Exclude the pictures and reproduce the remaining data exactly as written.

-- Supplied material --
--- START ---
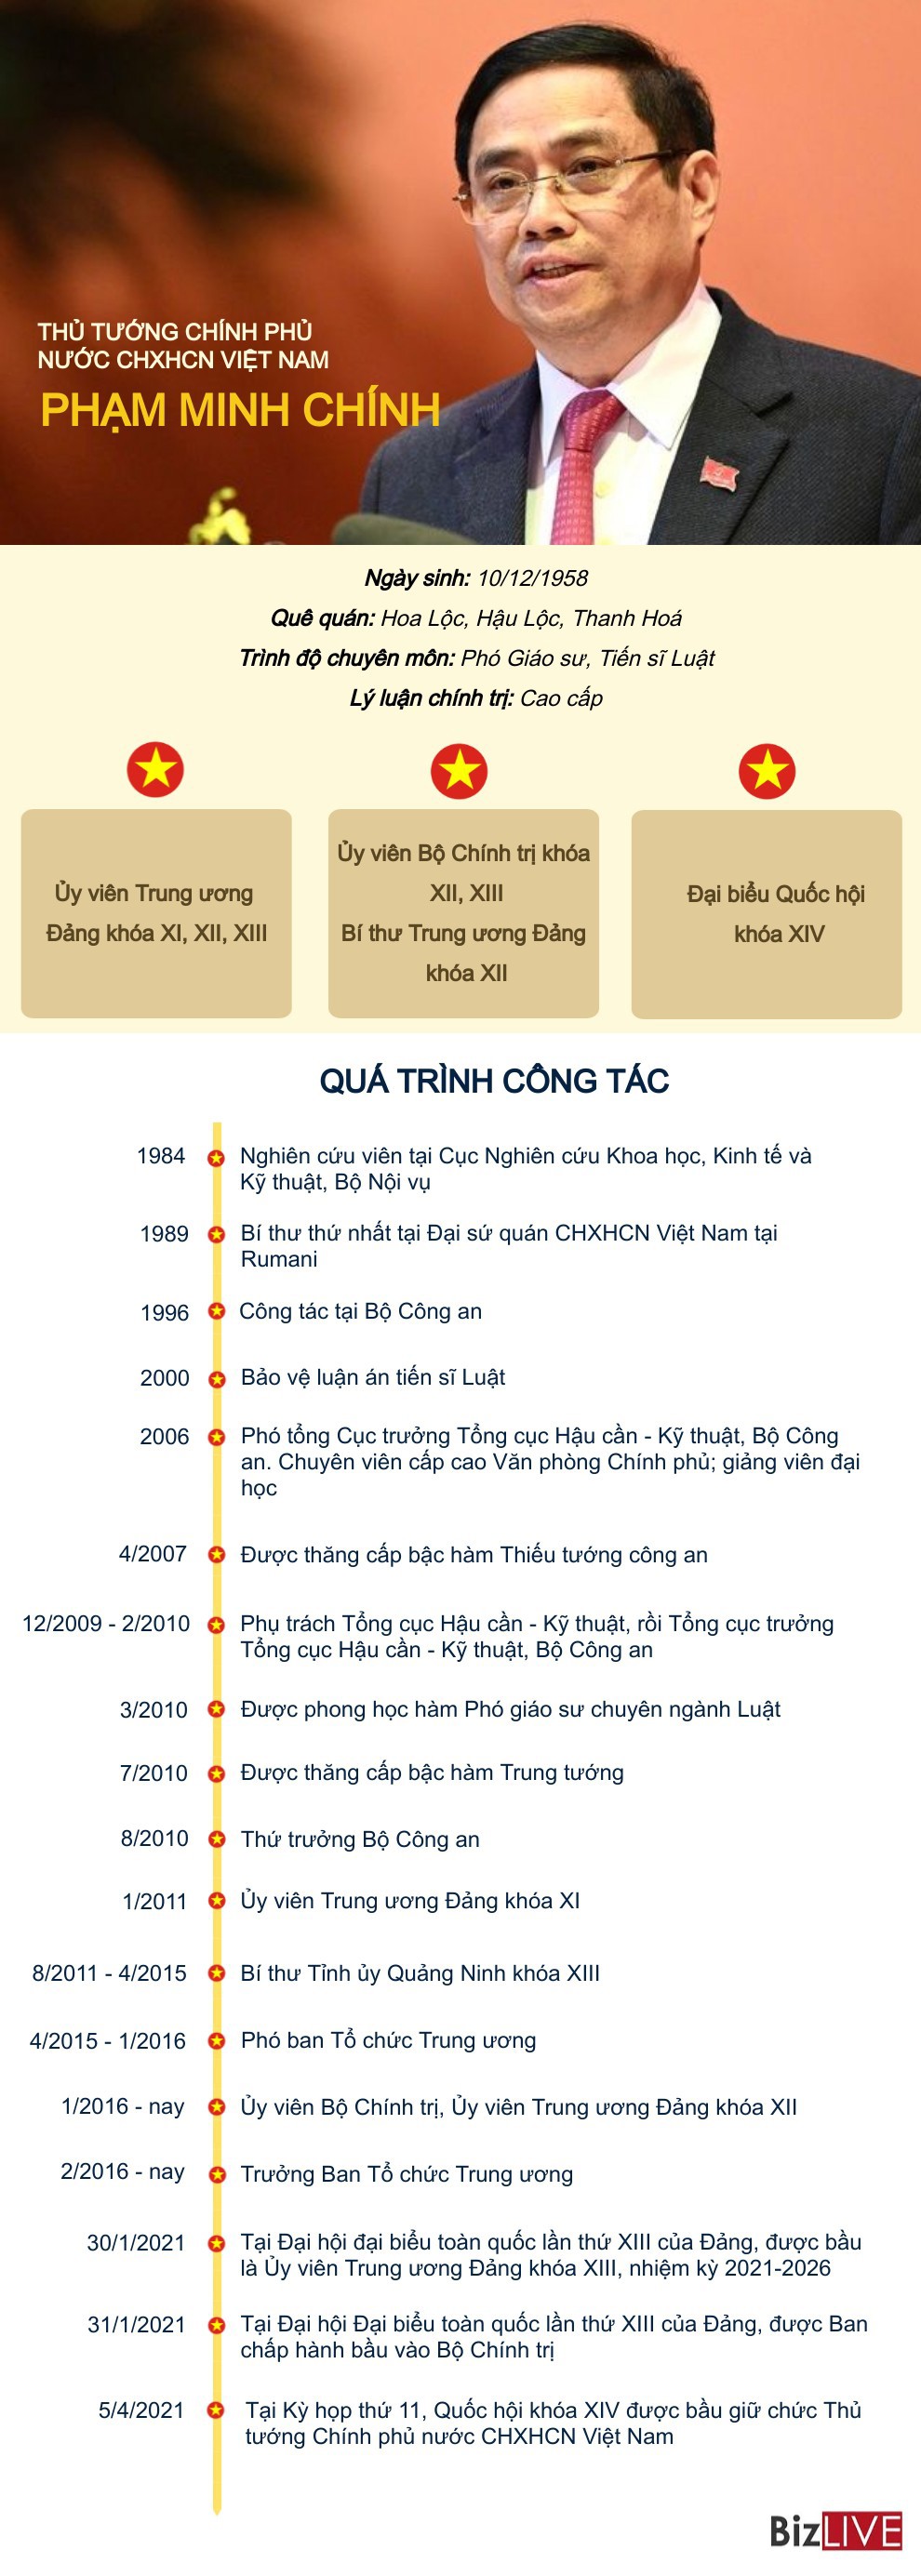 [Infographic] Tiểu sử tân Thủ tướng Chính phủ Phạm Minh Chính - Ảnh 1
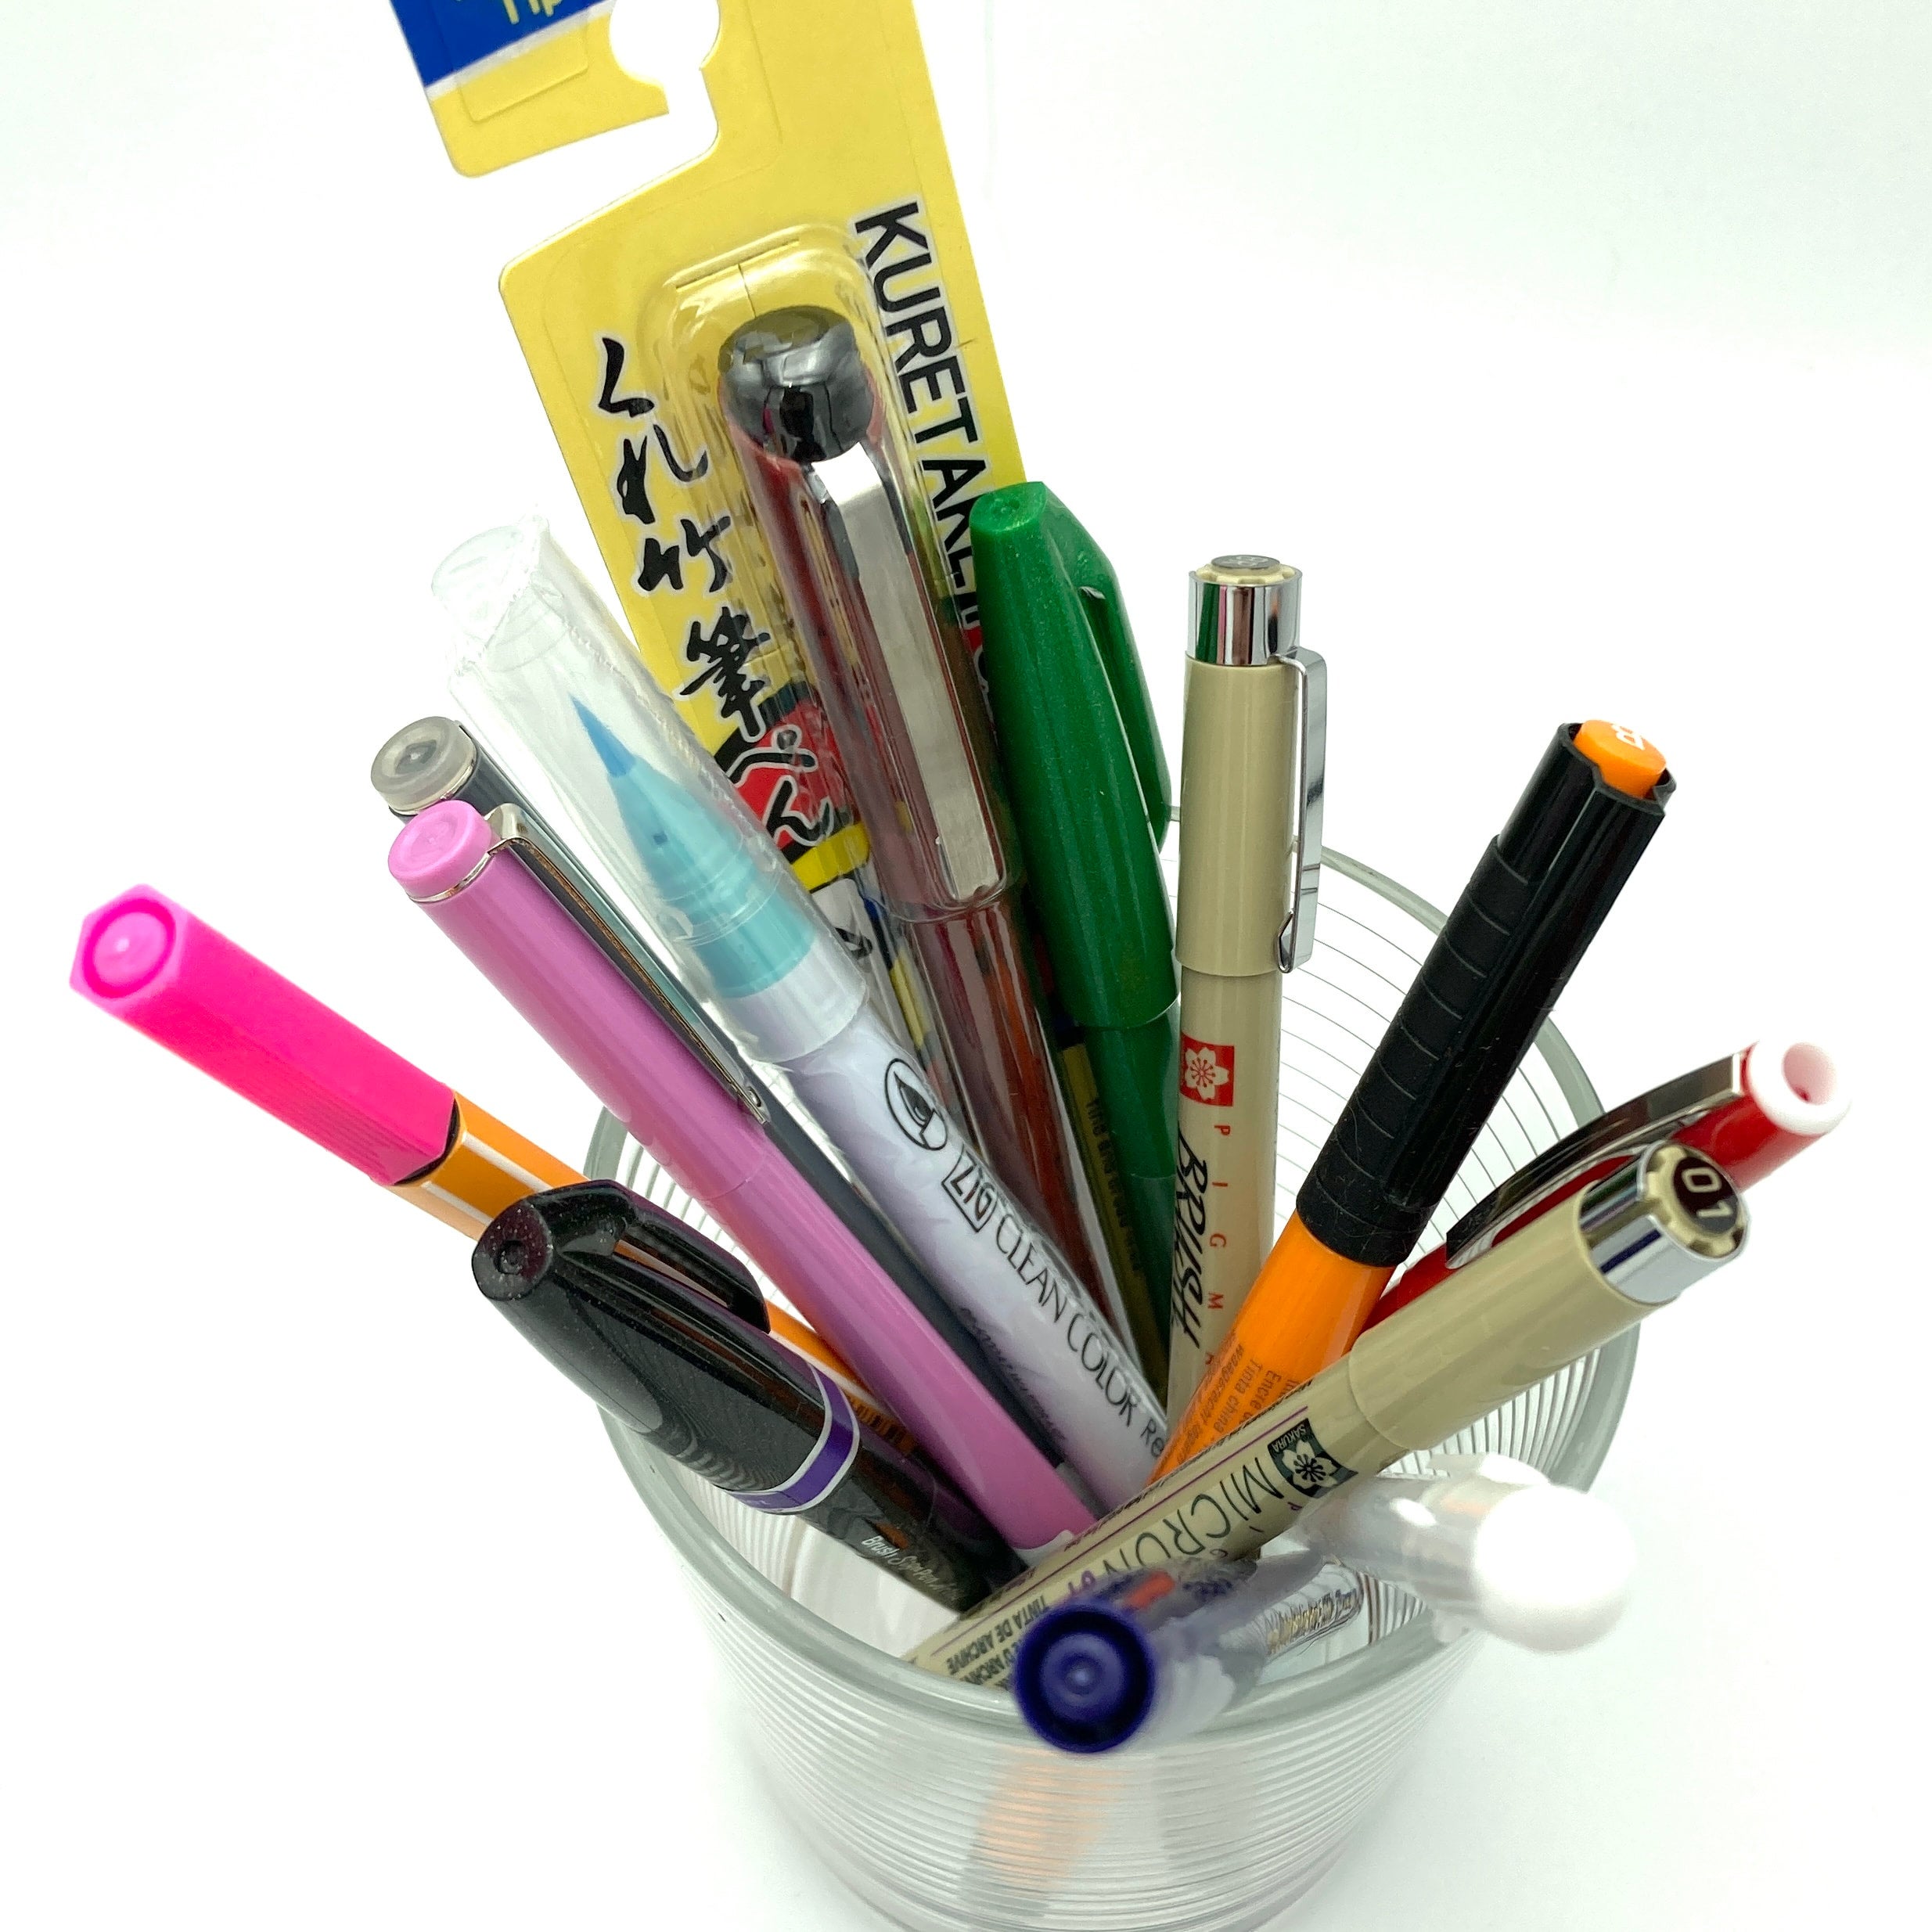 Doodle Pen (Brush Pen) for art #stationery #art #doodleart 
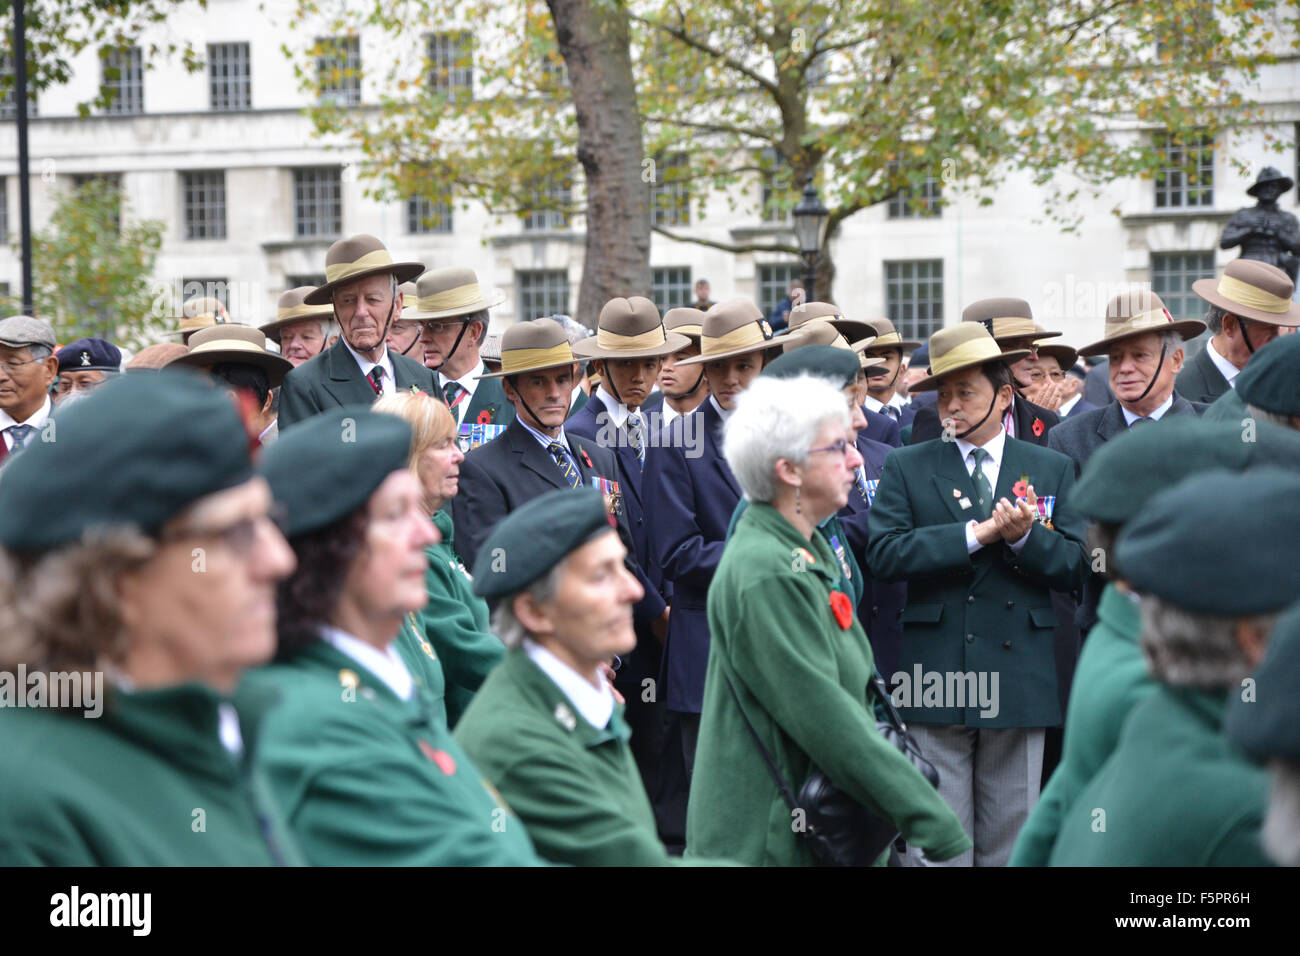 Il cenotafio, Whitehall veterani di guerra e i membri delle forze armate di prendere parte nel ricordo domenica cerimonia Foto Stock
--- END ---
-- Response area --
 [Infographic] Tiểu sử tân Thủ tướng Chính phủ Phạm Minh Chính - Ảnh 1
 Doodle Pen (Brush Pen) for art #stationery #art #doodleart 
 Il cenotafio, Whitehall veterani di guerra e i membri delle forze armate di prendere parte nel ricordo domenica cerimonia Foto Stock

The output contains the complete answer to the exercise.